The Breguet 941 was a French four-engine turboprop short takeoff and landing (STOL) transport aircraft developed by Breguet in the 1960s. Although widely promoted, both by Breguet in France and by McDonnell Aircraft and McDonnell Douglas in the United States, it was not built in large numbers; only one prototype and four production aircraft were built.

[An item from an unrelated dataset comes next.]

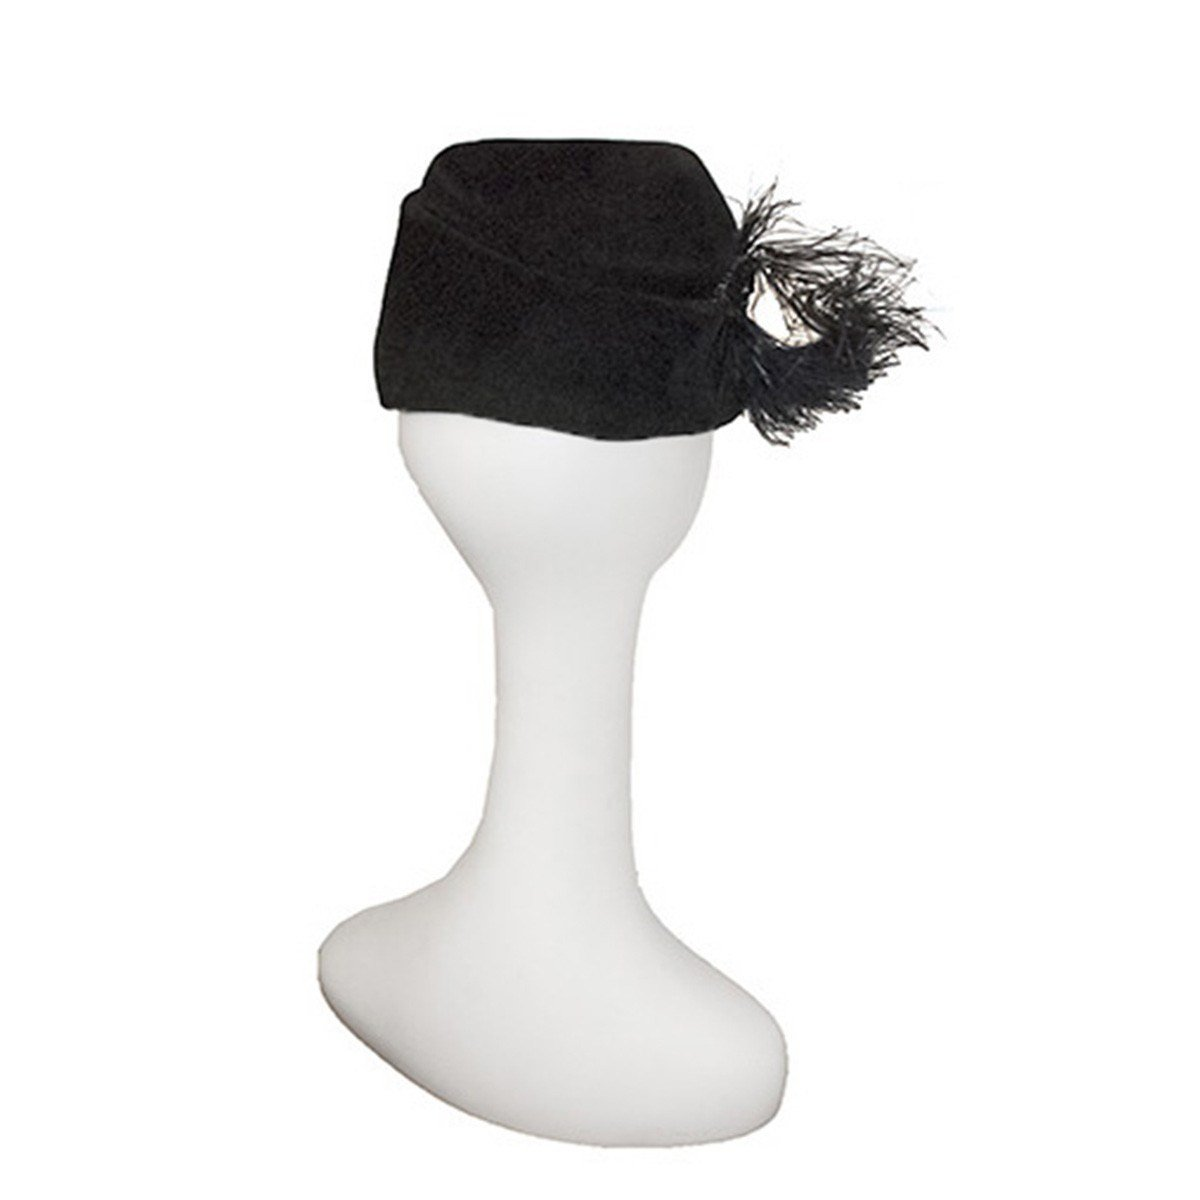 1940s Cocktail Hat, Black Velour Felt, Feathers & Beading, Hat Size 20

Design and development[edit]

In the late 1940s and early 1950s, the French aviation pioneer Louis Charles Breguet developed a concept for a short takeoff and landing (STOL) aircraft using four free-turbine turboshaft engines to drive a common powershaft, which, in turn drove four oversize propellers, which were evenly spaced along the leading edge of the wing with large, full-span, slotted flaps, with the arrangement known as "l'aile soufflée" or blown wing.[1][unreliable source?]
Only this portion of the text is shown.